Cheaper homes may require cooperation |

Cheaper homes may require cooperation

Dominique Taylor/Daily file photoMarty Slott, who lives in Edwards' Miller Ranch, plays with his dog Kelly at Freeom Park next door. A countywide council may be formed to create more housing like Miller Ranch for workers.

EDWARDS ” Saying the success of Eagle County depends on finding places for workers to live, officials unveiled a plan Thursday for a countywide housing group that could facilitate, advise and educate ” but not tax.

“People are being priced out of the ability to live here,” said Tony O’Rourke, executive director of the Beaver Creek Resort Company.

Local politicians and business people on a “blue ribbon” committee proposed to create a nonprofit “housing council” that would work with local governments and private developers to create worker housing.

The housing council would provide tools that would help create housing, officials said.

“It, itself, can’t produce a single house,” said Avon Mayor Ron Wolfe.

Those tools would include:

– Studying the need for worker housing in the county.

– Talking to developers about how they could incorporate affordable housing into their buildings.

– Finding land for affordable-housing projects.

– Giving information to potential buyers of affordable housing.

– Educating the public about the need for worker housing.

– Talking to towns about strategies like linkage and inclusionary zoning.

The recommendation stopped short of proposed a housing authority that would be able to levy taxes. But some suggested it created a framework to do just that.

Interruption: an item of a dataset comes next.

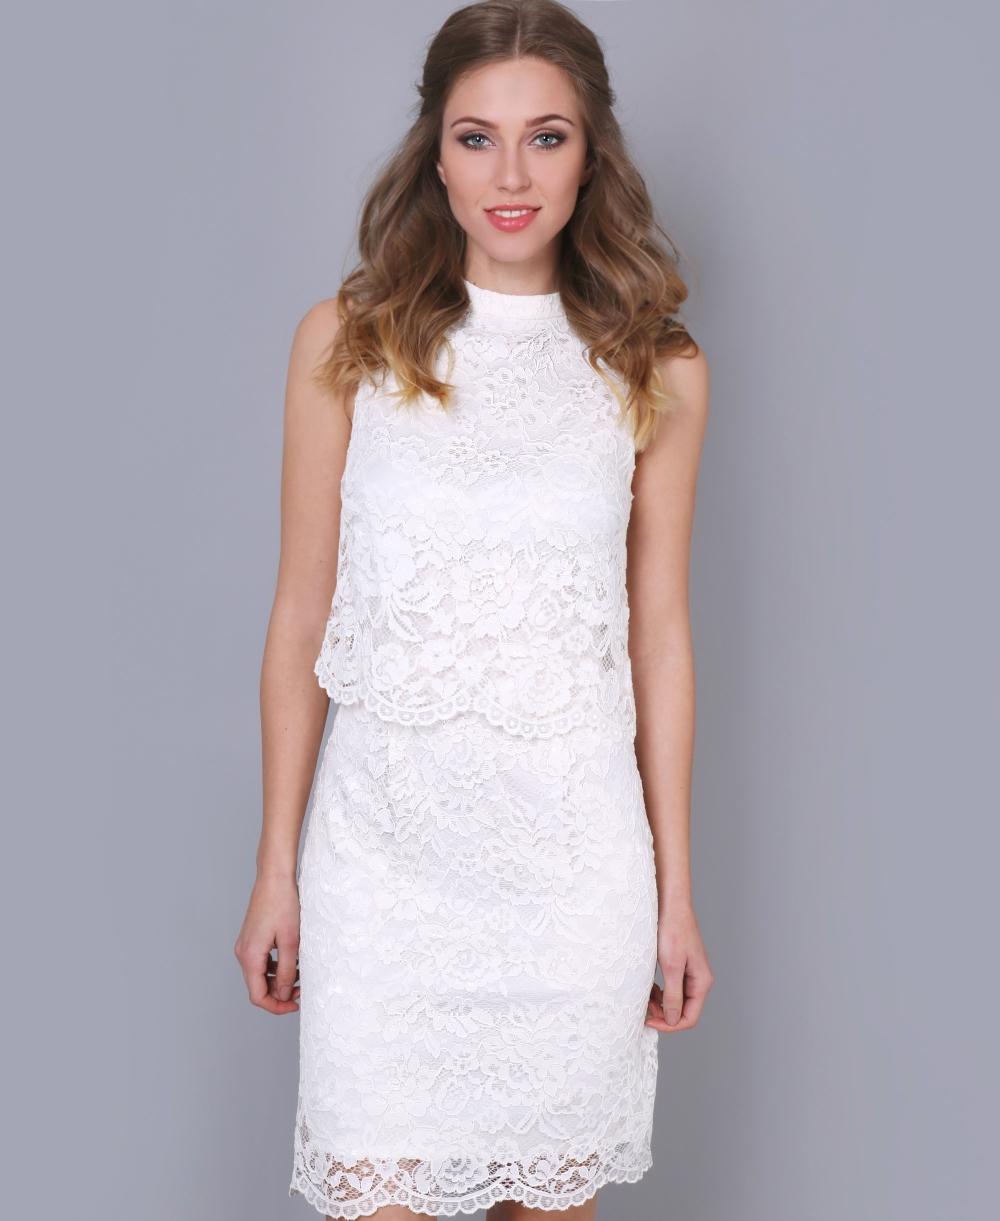 fbf25bb634 Scalloped Hem Layered Lace Dress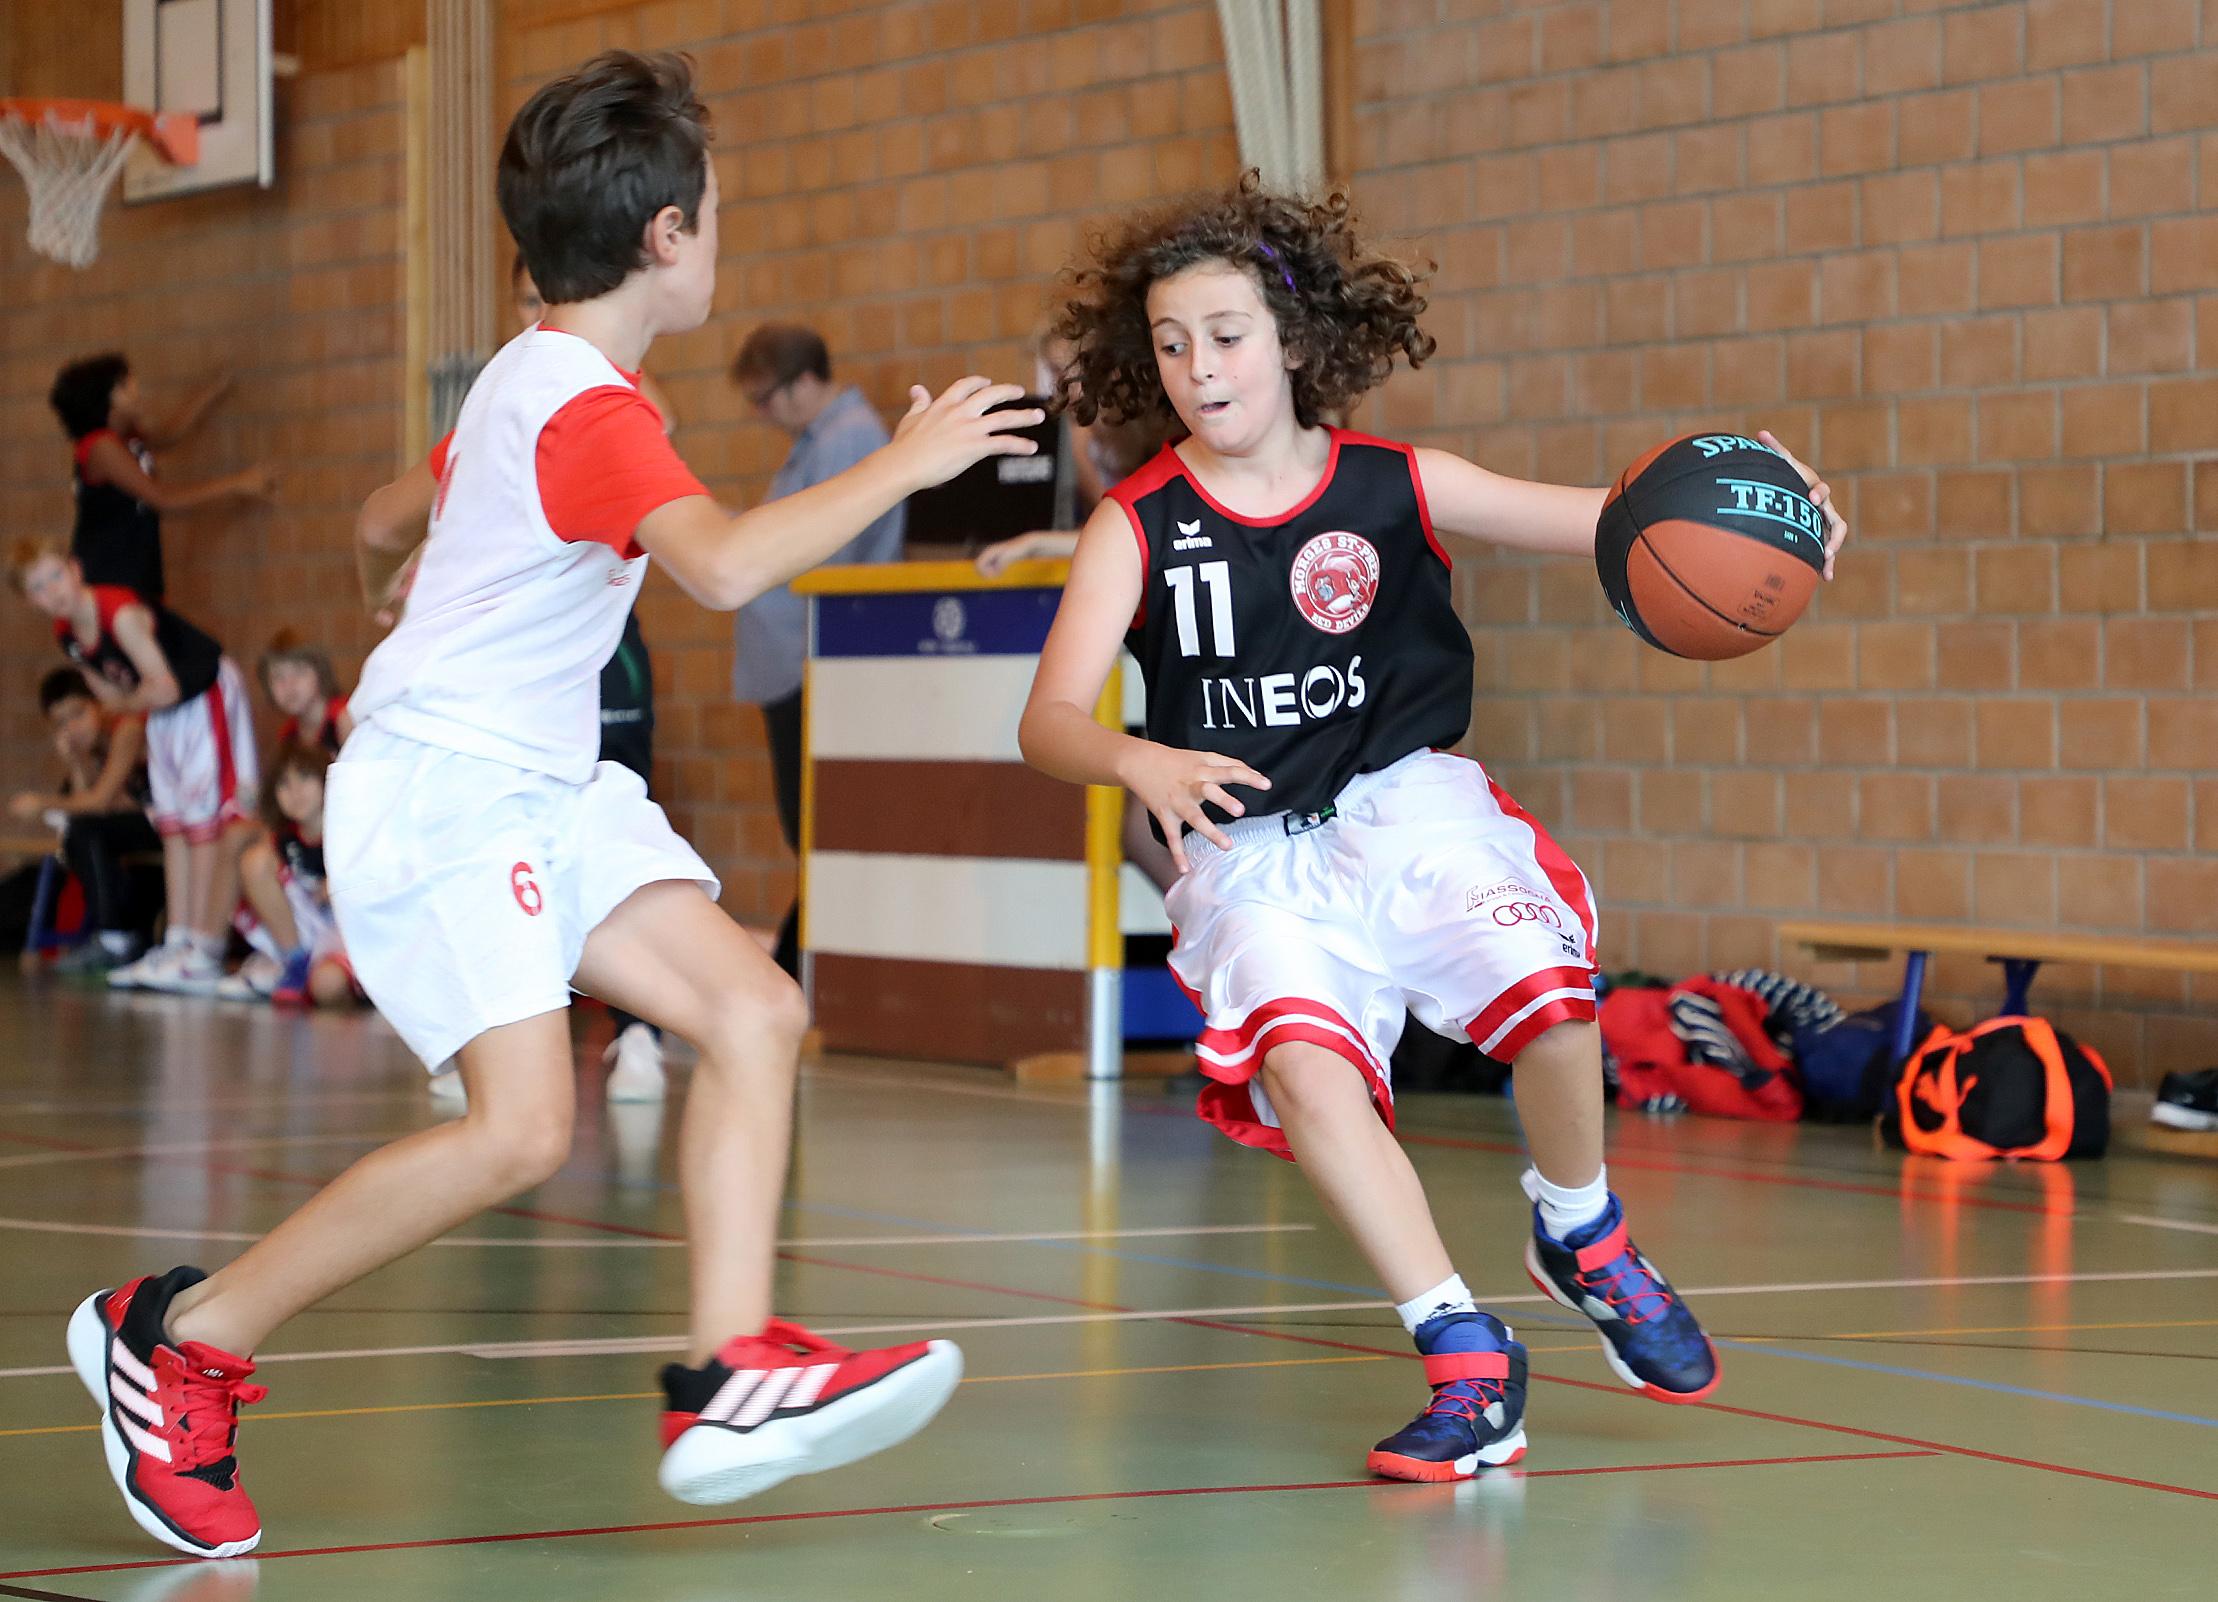 Basketteurs de petite taille, mais derby de haut vol

“This council can, in fact, turn into a housing authority if that’s the right route to go,” said County Commissioner Sara Fisher, who called housing the “most pressing issue in our valley right now.”

“This is the perfect shell for some next funding step,” said County Commissioner Peter Runyon.

The group would have an annual cost of $400,000-$500,000 by 2009, according to the plan.

It would be funded by towns and the county ” and maybe private businesses. Each government would have to commit to funding and approve a joint resolution to form the council.

Some said they weren’t sure the recommendation goes far enough. Vail Town Councilman Mark Gordon said he was worried it didn’t have enough “teeth.”

“I’ve not been sold why I, as a town councilman, should give money to this group,” Gordon said.

Vail Councilman Greg Moffet said the council wouldn’t be a Trojan horse to slip in a tax increase. Voters would have to approve new taxes.

“Even if it is (a Trojan horse), the guys on the inside can’t control the door,” Moffet said.

The Urban Land Institute, a think tank, came here last year to study worker housing. They said the county needs to take action on the issue.

The Blue Ribbon Housing Committee was formed shortly thereafter to come up with regional solutions.

O’Rourke said it’s a good plan because it encourages a public-private partnership and a regional approach.

“Everyone has to accept their fair share of this problem,” he said.

Moffet said worker housing is like infrastructure for the community.

“It’s like water,” he said. “It’s like sewers. It’s like schools.”

The committee will likely seek funding from local governments this summer, said Don Cohen, who facilitated the blue-ribbon groups meeting.